A Gentle Introduction to Multi-Head Latent Attention (MLA)


Not all Transformer models are called “large language models” because you can build a very small model using the Transformer architecture. The truly large Transformer models are often impractical to use at home because they’re too large to fit on a single computer and too slow to run without a cluster of GPUs.

The recent introduction of Multi-Head Latent Attention (MLA) proposed a new approach to running attention operations with a lower memory footprint. First proposed in DeepSeek-V2, it changes how you perform matrix multiplication in the attention operation. In this post, you will learn how MLA works and how to implement it in PyTorch.

Let’s get started.

A Gentle Introduction to Multi-Head Latent Attention (MLA)
Photo by Victoriano Izquierdo. Some rights reserved.

Overview

This post is divided into three parts; they are:

  • Low-Rank Approximation of Matrices
  • Multi-head Latent Attention (MLA)
  • PyTorch Implementation

Low-Rank Approximation of Matrices

Multi-Head Attention (MHA) and Grouped-Query Attention (GQA) are the attention mechanisms used in almost all transformer models. Recently, a new attention mechanism called Multi-head Latent Attention (MLA) was proposed in DeepSeek-V2 to further reduce computational cost and speed up inference.

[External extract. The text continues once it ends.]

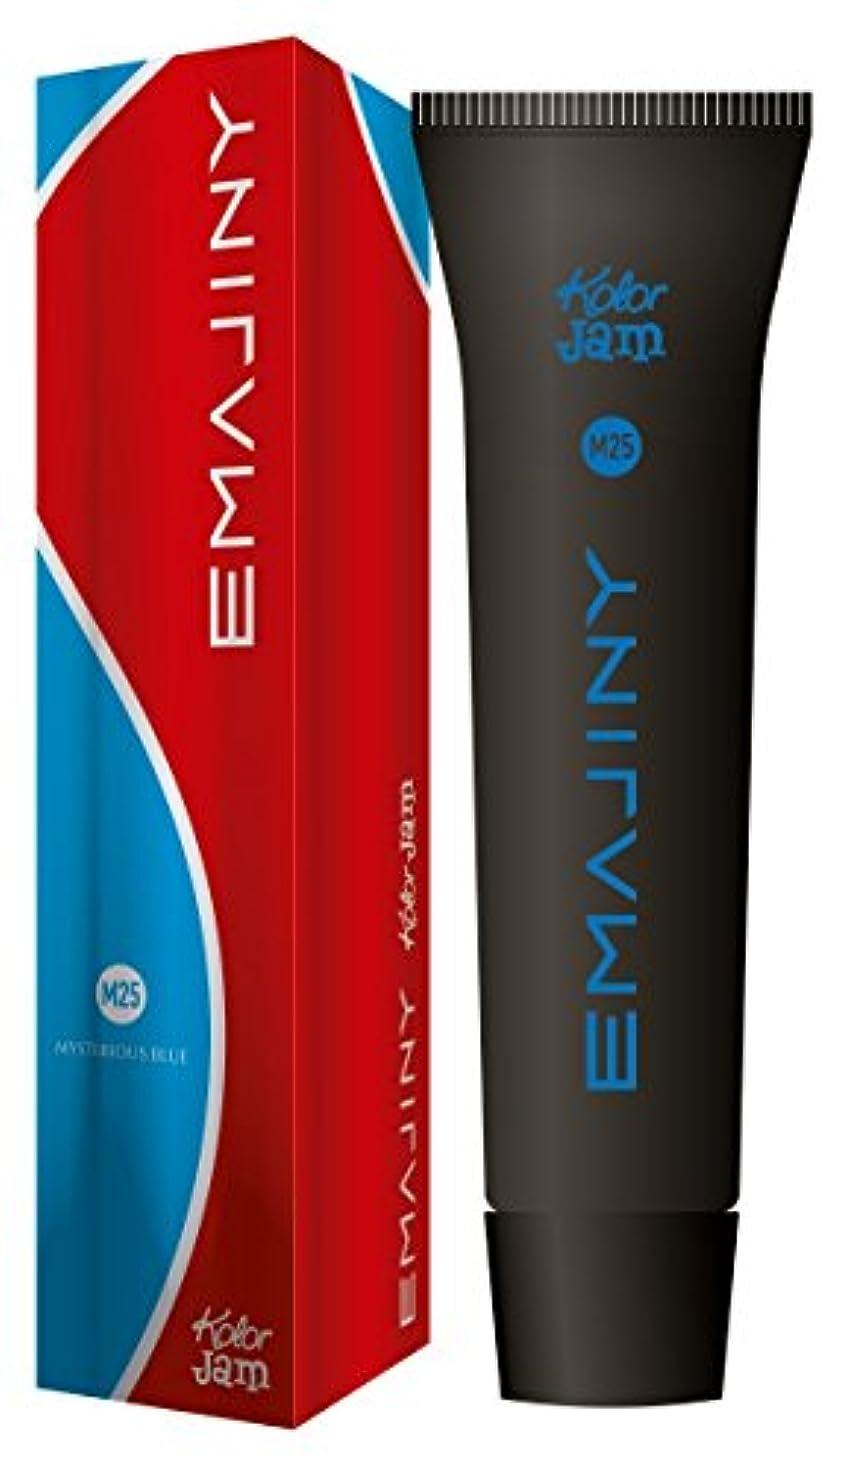 サンダートレイル宣伝EMAJINY エマジニー カラージャム 75g Blue ブルー M25

The core idea is to use low-rank approximation to convert a large matrix into two smaller matrices, $M\approx UV$. If matrix $M$ is an $n\times m$ matrix, $U$ would be an $n\times r$ matrix and $V$ would be an $r\times m$ matrix, where $r$ is smaller than both $n$ and $m$. The product $UV$ won’t be identical to $M$, but it can be close enough for practical purposes. One method to decompose $M$ into $U$ and $V$ is to use singular value decomposition (SVD) and select the top $r$ orthonormal bases. Specifically, the SVD of matrix $M$ produces:

$$
M = U \Sigma V^T
$$

where $U$ and $V$ are square matrices (the orthonormal bases) and $\Sigma$ is a diagonal matrix containing the singular values of $M$. If you zero out the lower singular values from the diagonal of $\Sigma$, you effectively remove the lower rows of $U$ and $V$. The result of this multiplication is an approximation of $M$. If the elements zeroed out from $\Sigma$ are numerically close to zero, this approximation will be quite accurate.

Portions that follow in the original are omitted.